基于有效样本数的类别平衡损失 (Class-Balanced Loss, CVPR 2019)
Class-Balanced Loss Based on
Effective Number of Samples
Figure 1. Two classes, one from the head and one from the tail of a long-tailed dataset (iNaturalist 2017 [40] in this example), have drastically different number of samples. Models trained on these samples are biased toward dominant classes (black solid line). Reweighing the loss by inverse class frequency usually yields poor performance (red dashed line) on real-world data with high class imbalance. We propose a theoretical framework to quantify the effective number of samples by taking data overlap into consideration. A class-balanced term is designed to re-weight the loss by inverse effective number of samples. We show in experiments that the performance of a model can be improved when trained with the proposed class-balanced loss (blue dashed line).

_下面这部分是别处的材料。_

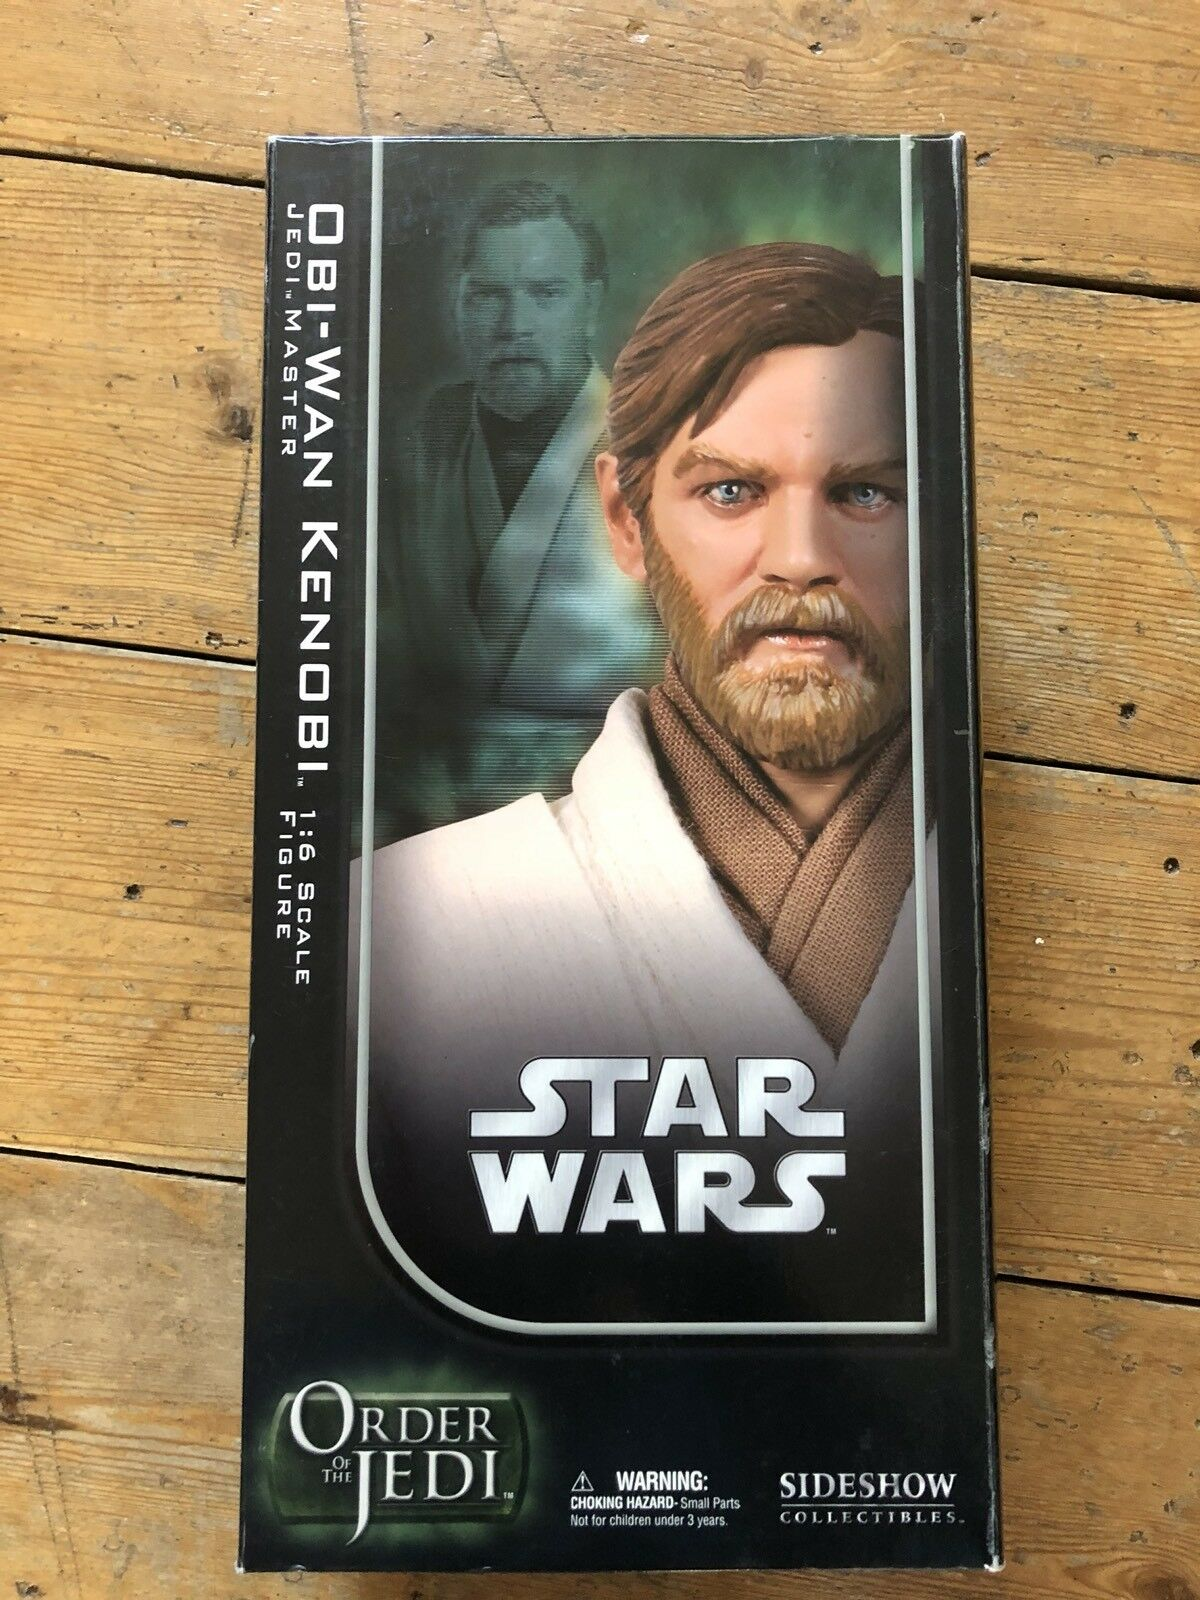 Sideshow Star Wars ordine dei Jedi Obi Wan Kenobi Jedi Master afssc 1033

图1. 两个类别,一个来自长尾数据集(本例为iNaturalist 2017 [40])的头部,一个来自尾部,样本数量差异巨大。在这些样本上训练的模型会偏向主导类别(黑色实线)。基于逆类别频率重新加权损失函数通常在高度类别不平衡的真实数据上表现不佳(红色虚线)。本文提出一个理论框架,通过考虑数据重叠来量化有效样本数量。设计了一个类别平衡项,通过逆有效样本数量对损失函数重新加权。实验表明,使用提出的类别平衡损失(蓝色虚线)训练时,模型性能可以得到提升。
Abstract
With the rapid increase of large-scale, real-world datasets, it becomes critical to address the problem of long-tailed data distribution (i.e., a few classes account for most of the data, while most classes are under-represented). Existing solutions typically adopt class re-balancing strategies such as re-sampling and re-weighting based on the number of observations for each class. In this work, we argue that as the number of samples increases, the additional benefit of a newly added data point will diminish. We introduce a novel theoretical framework to measure data overlap by associating with each sample a small neighboring region rather than a single point. The effective number of samples is defined as the volume of samples and can be calculated by a simple formula (1−β^n)/(1−β), where n is the number of samples and β ∈ [0, 1) is a hyperparameter. We design a re-weighting scheme that uses the effective number of samples for each class to re-balance the loss, thereby yielding a class-balanced loss. Comprehensive experiments are conducted on artificially induced long-tailed CIFAR datasets and large-scale datasets including ImageNet and iNaturalist. Our results show that when trained with the proposed class-balanced loss, the network is able to achieve significant performance gains on long-tailed datasets.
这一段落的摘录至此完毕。